Back in Williams, the Court of Appeals judges had split 4-3 on whether New York City's home-grown PGS had attained general acceptance. The three judges led by Chief Judge Janet M. DiFiore objected to the majority’s negative comments about PGS and propounded a narrower rationale for requiring a Frye hearing. But even if one could have confidently applied the majority reasoning in Williams to the scientific status of TrueAllele in Wakefield, the exercise in legal logic might have been futile. In the two short years since Williams, the composition of the court had changed. One concurring judge died, and the majority-opinion bloc lost half its members, including the opinion’s author, to retirements. The reconstituted court gave Chief Judge DiFiore the opportunity to write a more laudatory opinion for a new and larger majority.

Only one judge stood apart from this new majority. Having been in the majority in Williams, Judge Jenny Rivera now found herself in the Chief Judge’s situation in Williams, composing a dissenting opinion with respect to the reasoning on general acceptance but concurring in the result. Drawing on Williams, Judge Rivera maintained that “the court erred in admitting the TrueAllele results but the error ... was harmless” in view of the other evidence of guilt.

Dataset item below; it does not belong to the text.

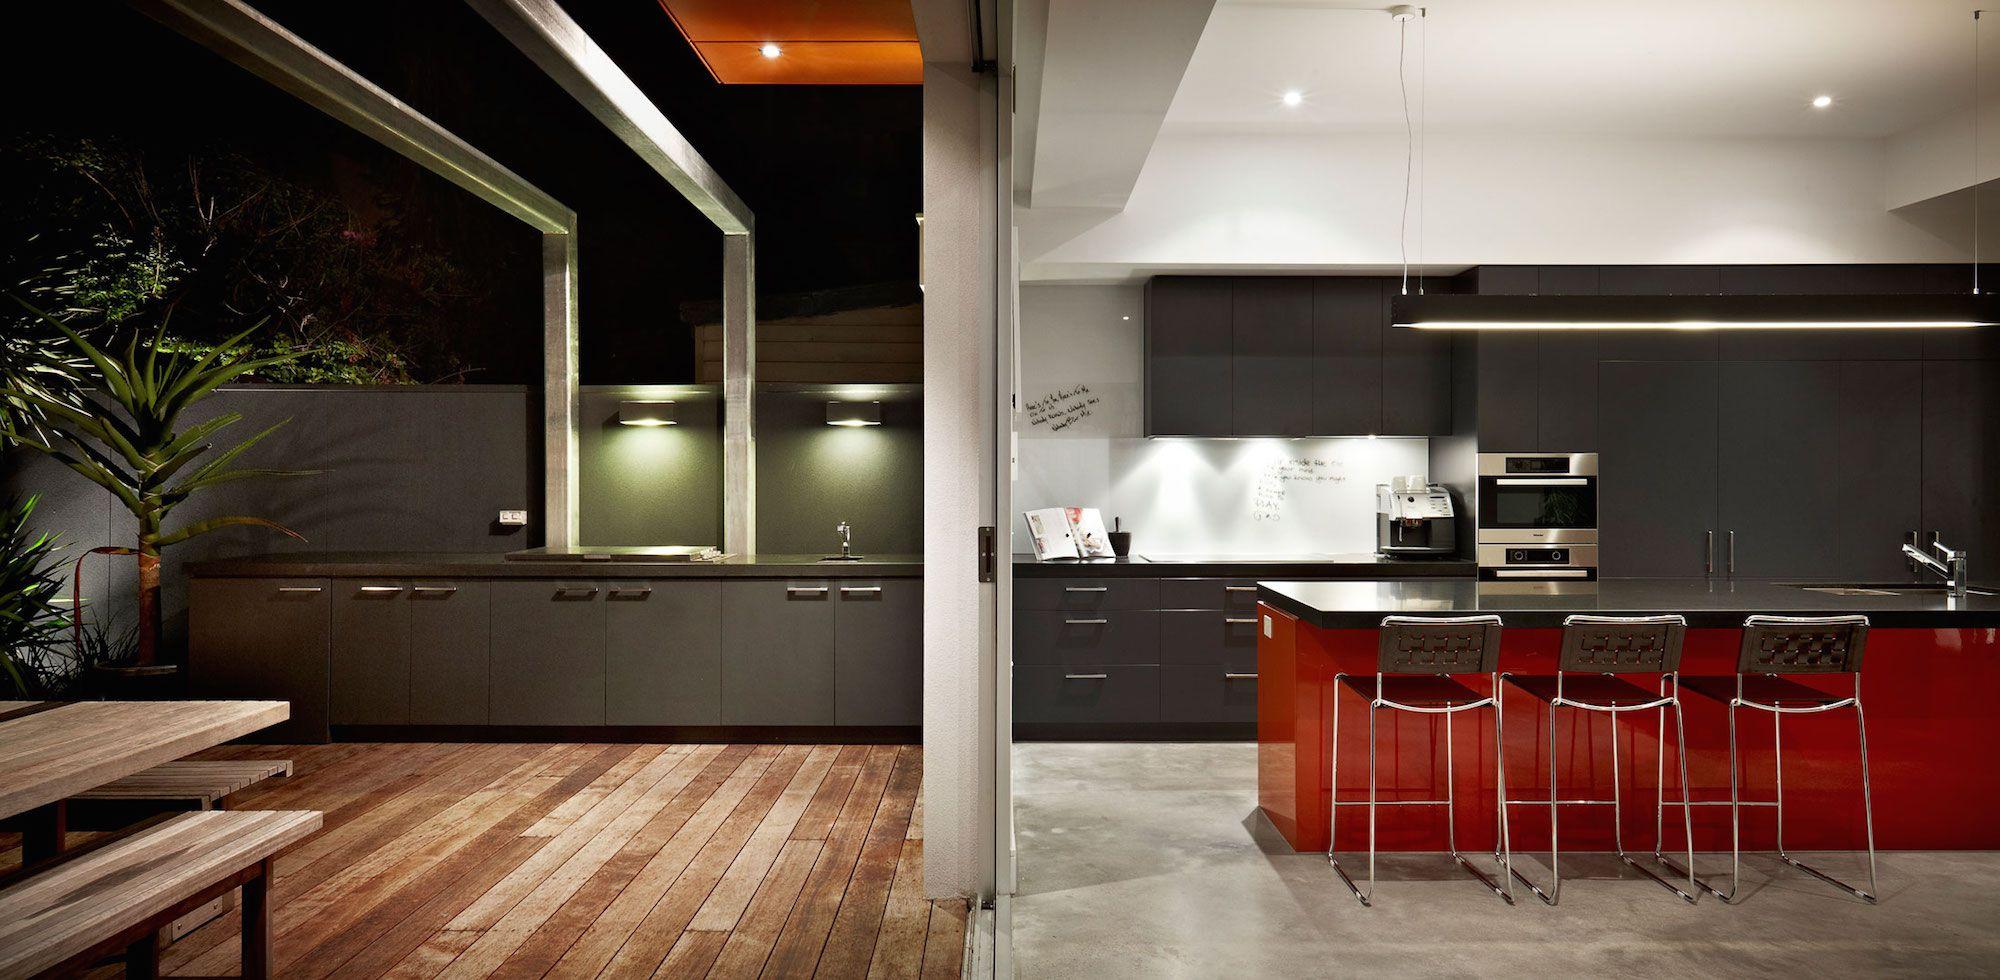 Dise o de casa moderna de dos plantas planos for Vistas de cocinas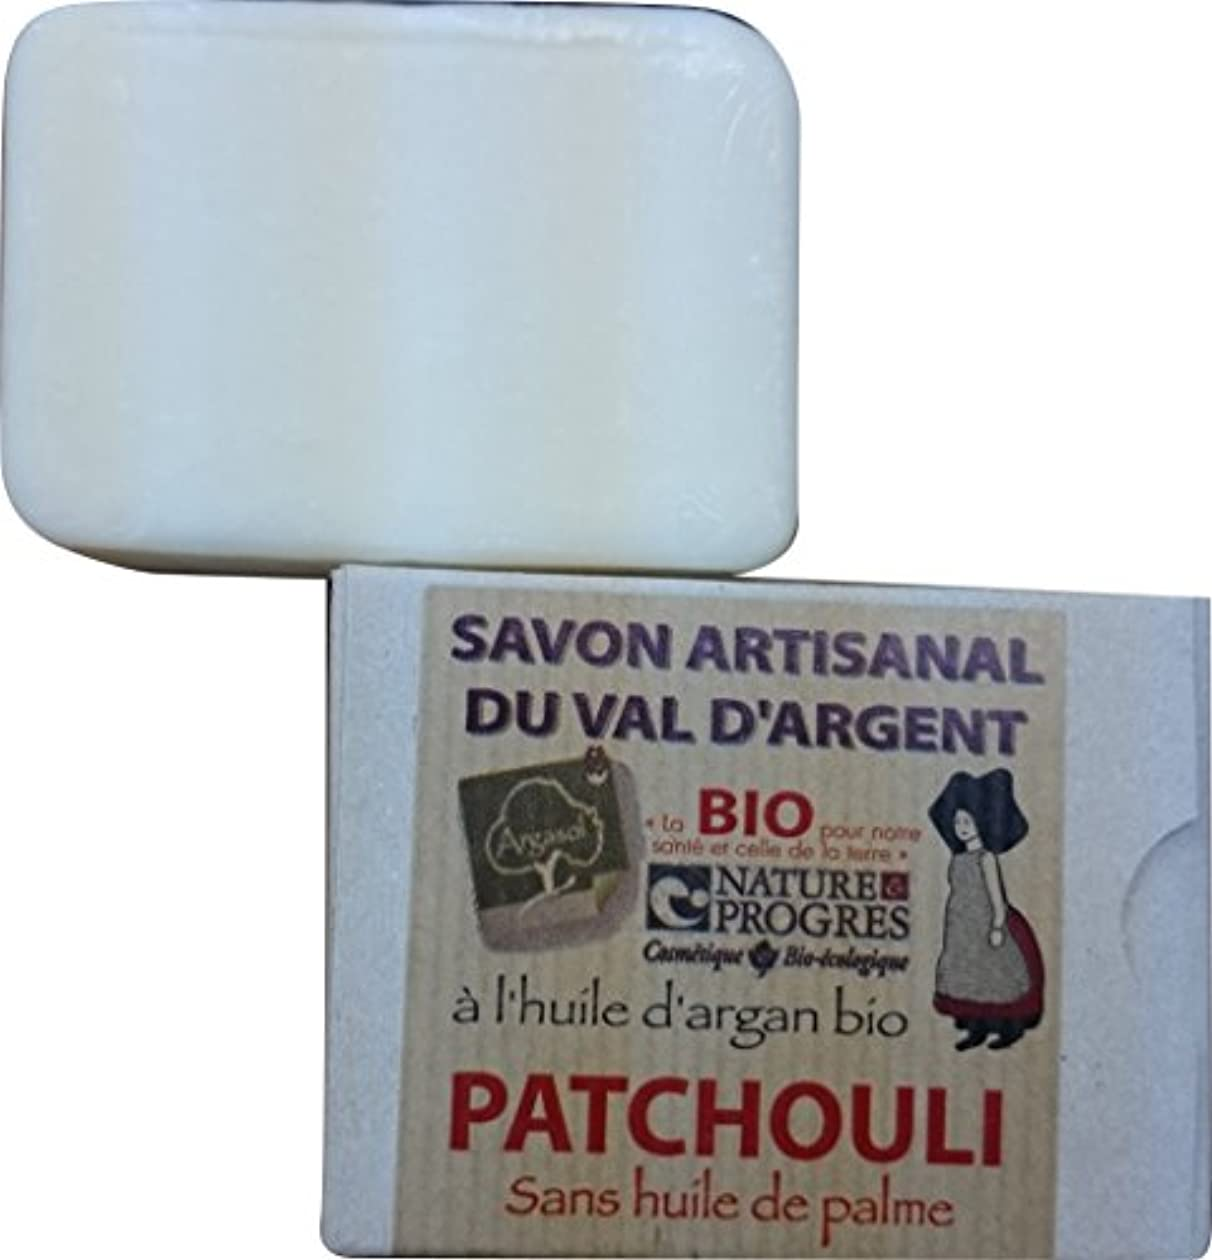 明らかに豊かにする洗剤サボン アルガソル(SAVON ARGASOL) パチョリ

The Court’s Understanding of TrueAllele

The opinions are vague about the inner workings of TrueAllele. The majority opinion suggests that what is distinctive about PGS is that it cranks out a likelihood ratio. \2/ But “likelihood ratio,” for present purposes, simply denotes the probability of data given one hypothesis divided by the probability of the same data given a (simple) alternative hypothesis. It has nothing to do with the probabilistic part of TrueAllelle. Indeed, TrueAllele only computes a likelihood ratio after the probability analysis is completed. It does this by dividing (i) the final posterior odds that favor one source hypothesis as compared to another by (ii) the initial prior odds. This division gives a “Bayes' factor” that states how much the data have changed the odds.

Let me try saying this another way. In effect, TrueAllele starts with prior odds based solely on the frequencies of various DNA alleles (and hence genotypes) in some population, performs successive approximations to converge on a better estimate of the odds, and divides the adjusted odds by the prior odds to yield what Cybergenetics calls “the match statistic.” If all goes well, this quotient (call it a likelihood ratio, a Bayes' factor, a match statistic, or whatever you want) reveals how powerful the DNA evidence is (which is not necessarily the same as the odds that any hypothesis is true). At least, that is what I think goes on. The court contents itself with warm and fuzzy statements such as “a probability model to assess the values of a genotype objectively” “based on mathematical computations from all the data in the electropherograms.” and “separates the genotypes using the mathematical probability principle of the Markov chain Monte Carlo (MCMC) search to calculate the probability for what the different genotypes could be.” (This last clause may not be so warm and fuzzy; it begins to unpack what I simplistically called successive approximations.)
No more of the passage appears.